Data records:
= = = = = = =
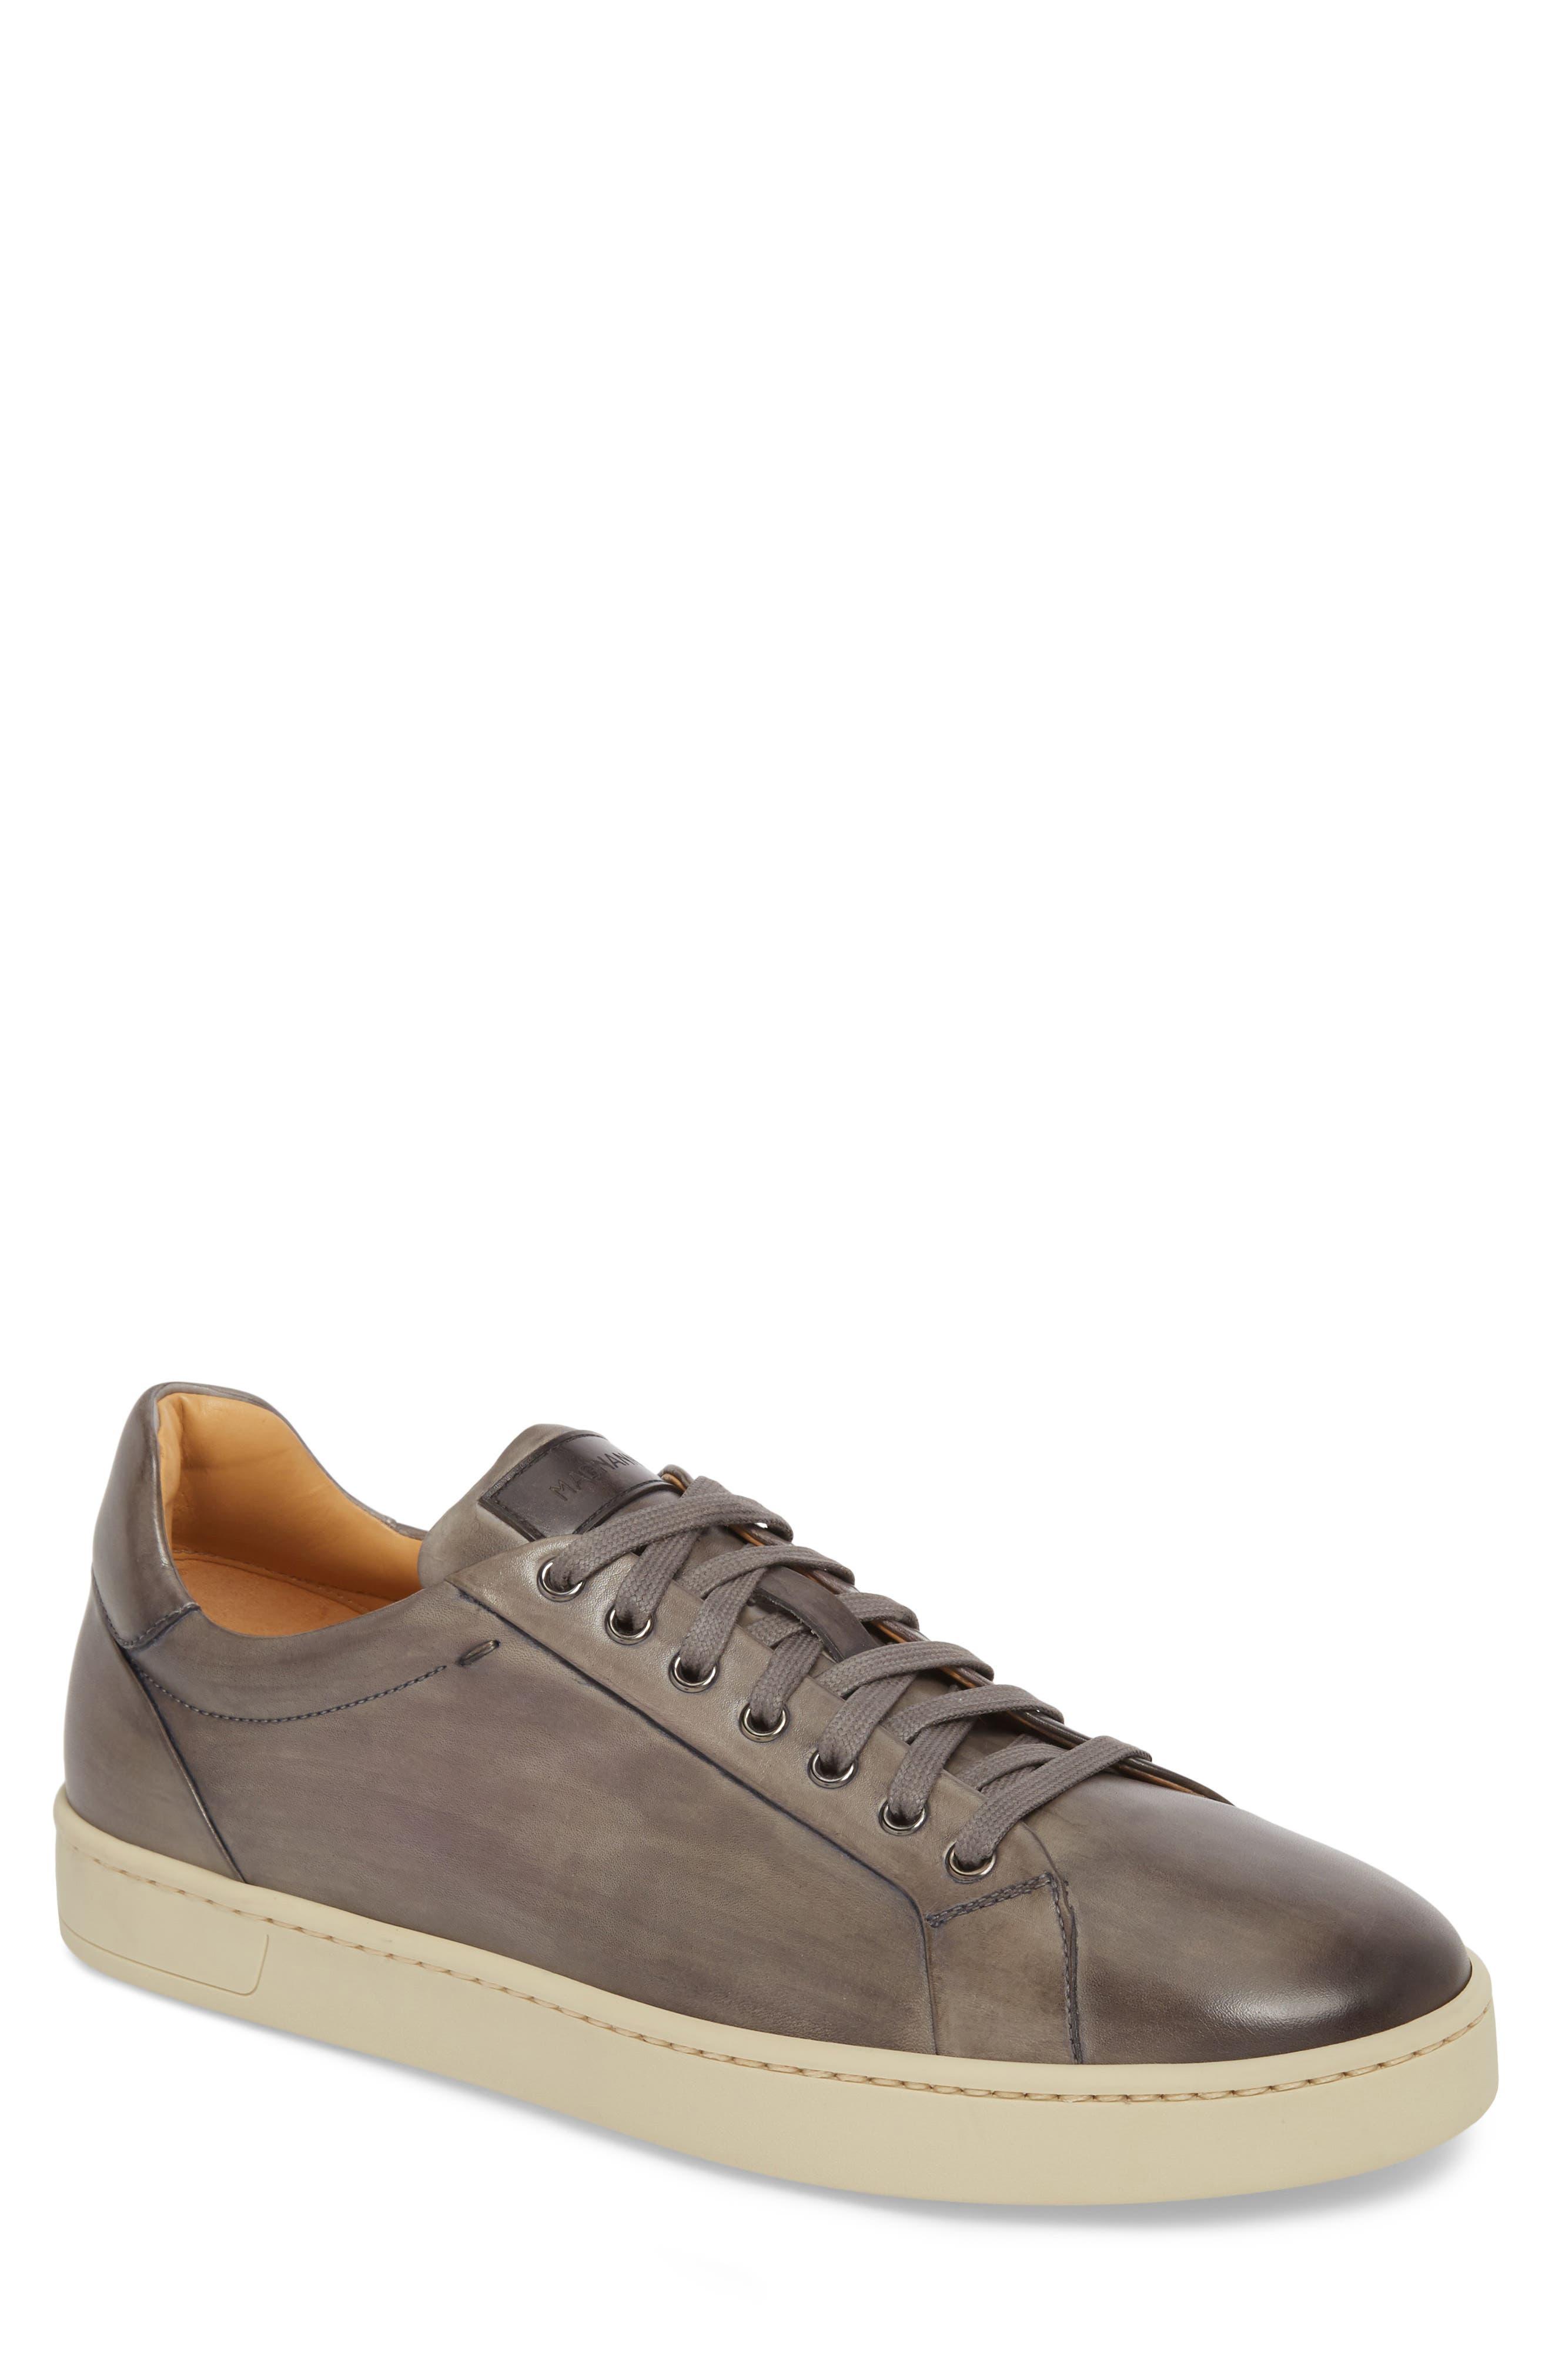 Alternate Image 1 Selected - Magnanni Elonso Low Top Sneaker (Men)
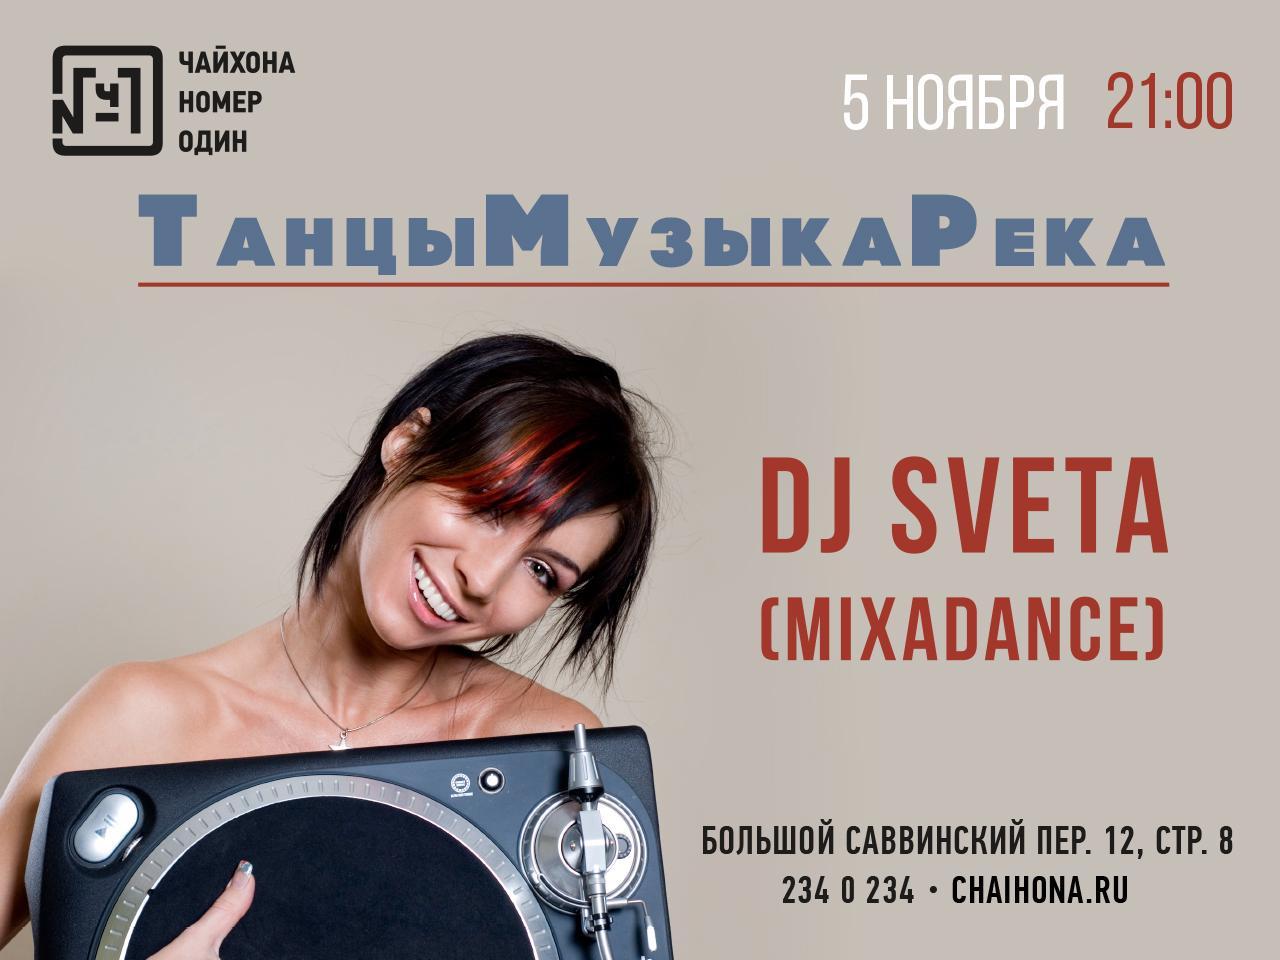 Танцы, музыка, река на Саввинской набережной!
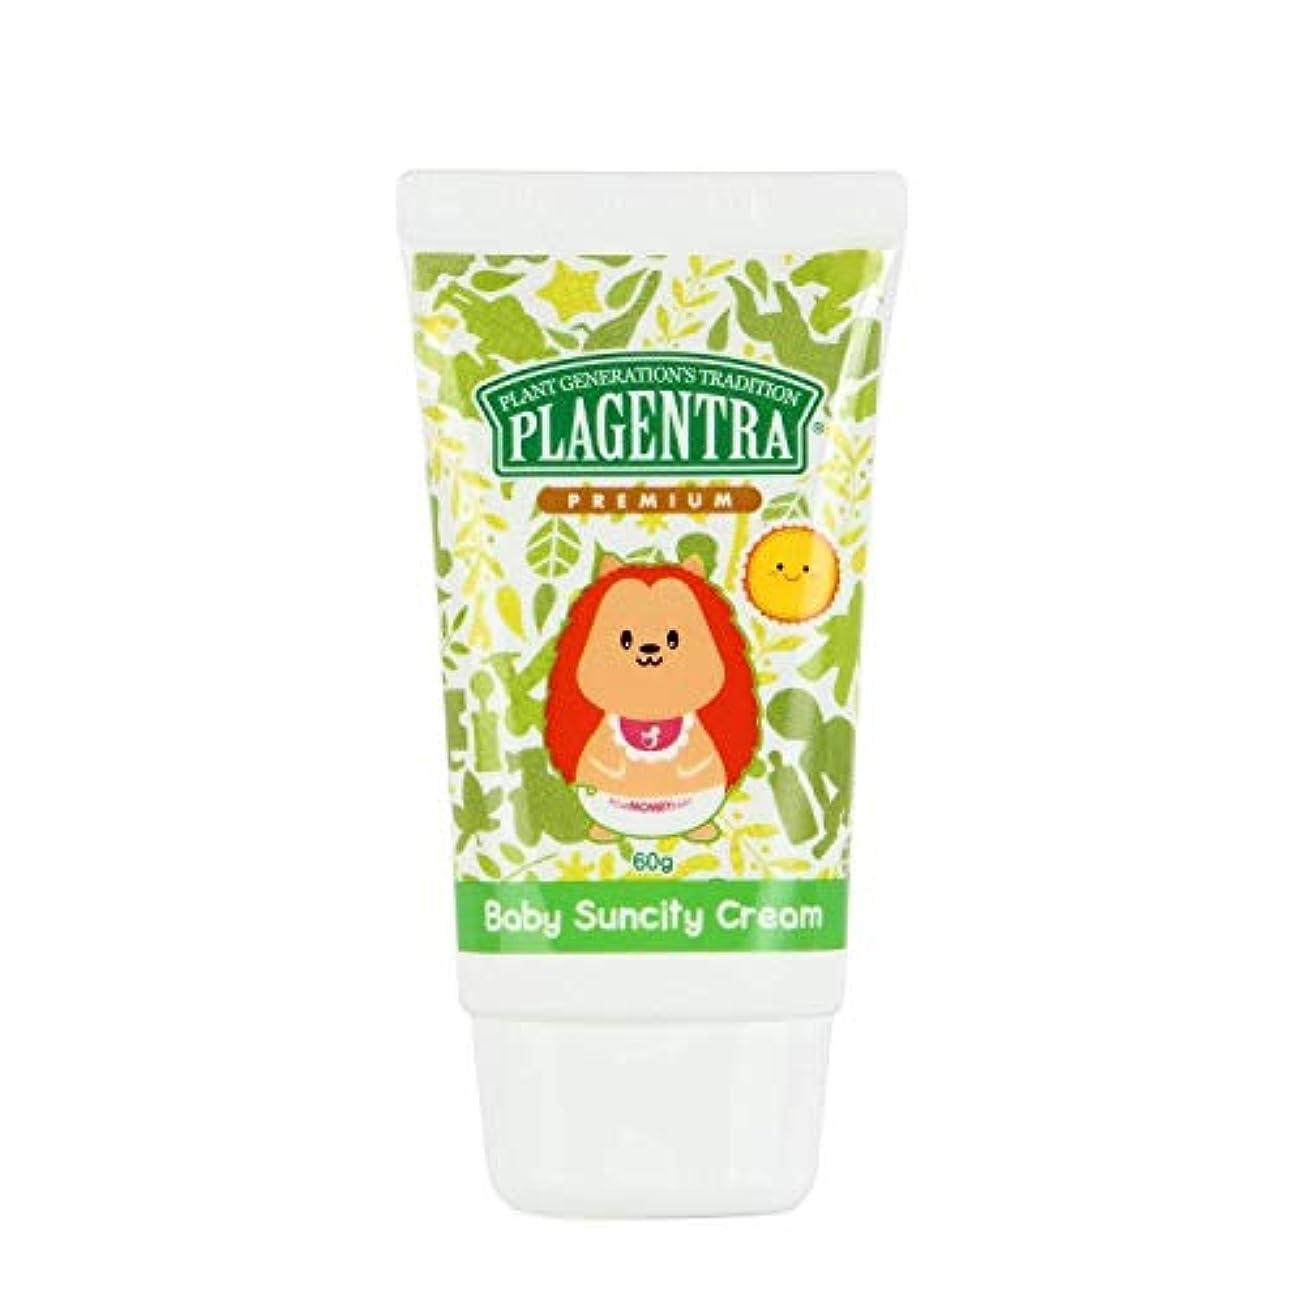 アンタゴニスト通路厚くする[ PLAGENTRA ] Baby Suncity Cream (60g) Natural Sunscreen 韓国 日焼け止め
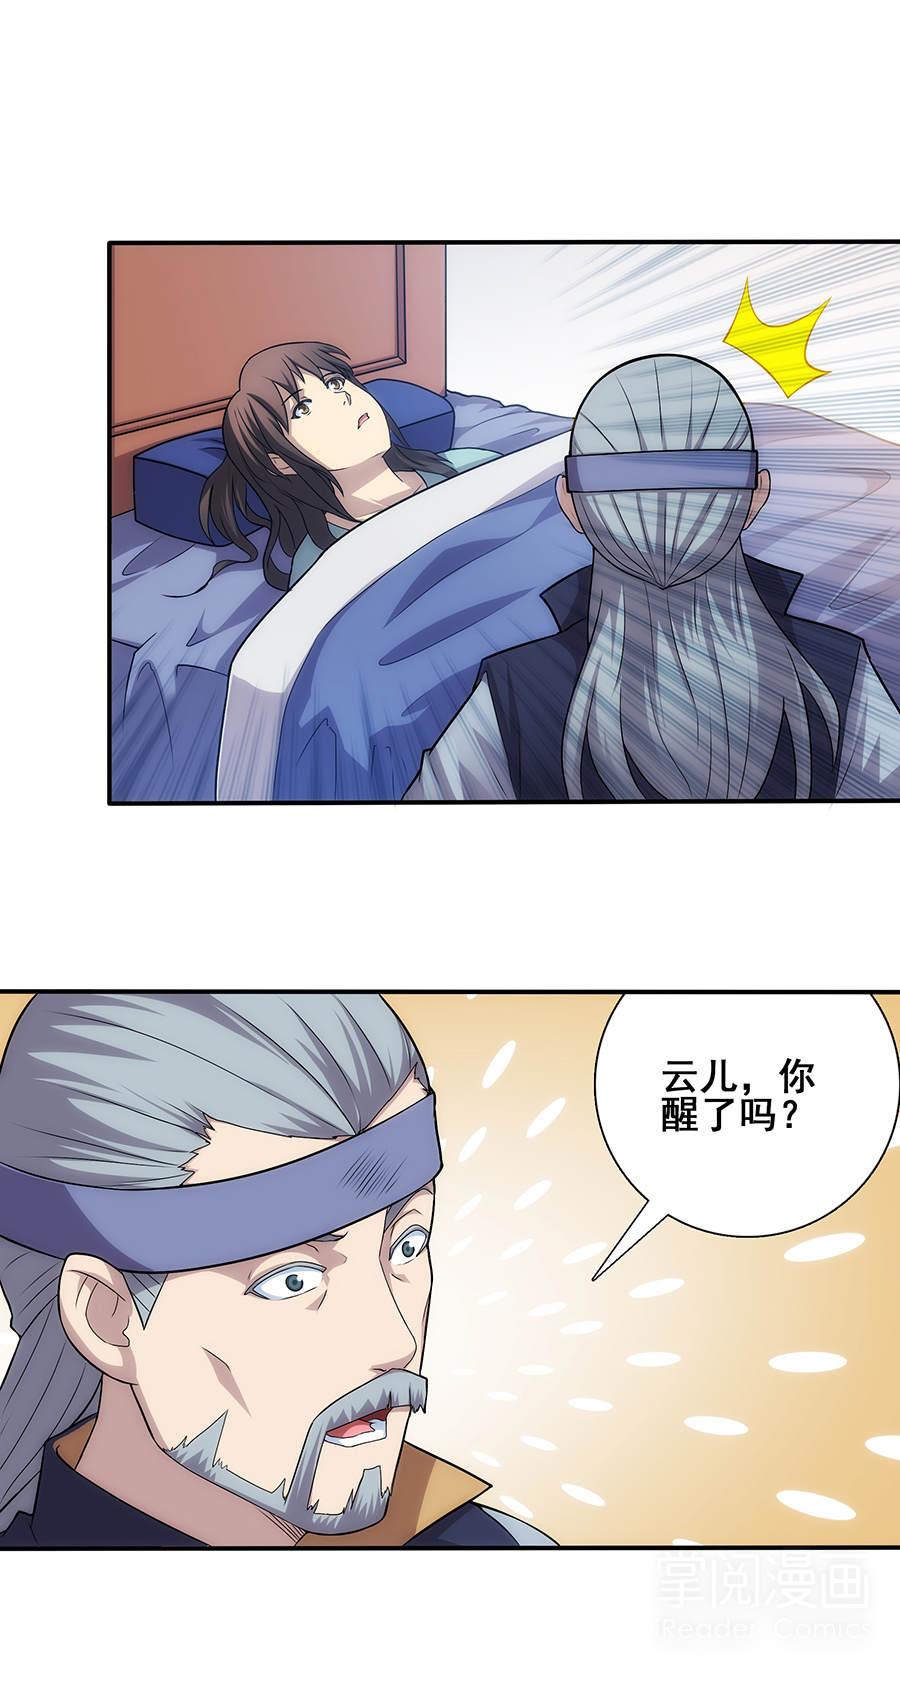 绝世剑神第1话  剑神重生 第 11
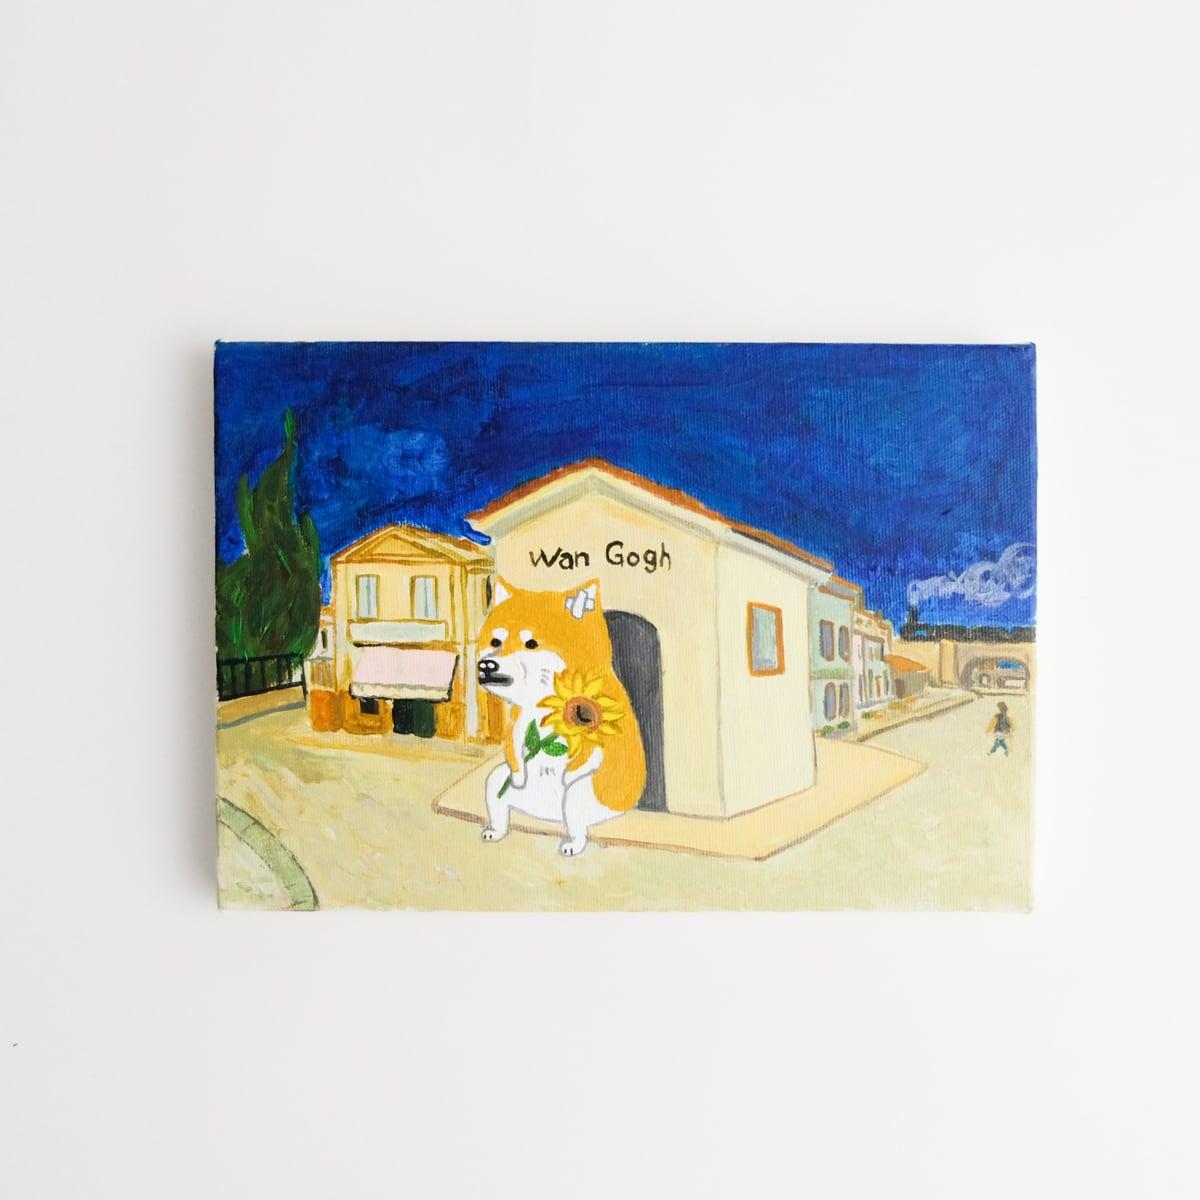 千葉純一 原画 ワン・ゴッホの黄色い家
= = = = = = =
_Aim of the task_. Retype the records verbatim, but not their images.

_Result for this task_.
 Alternate Image 1 Selected - Magnanni Elonso Low Top Sneaker (Men)
 Танцы, музыка, река на Саввинской набережной!
 アンタゴニスト通路厚くする[ PLAGENTRA ] Baby Suncity Cream (60g) Natural Sunscreen 韓国 日焼け止め
 绝世剑神第1话  剑神重生 第 11
 千葉純一 原画 ワン・ゴッホの黄色い家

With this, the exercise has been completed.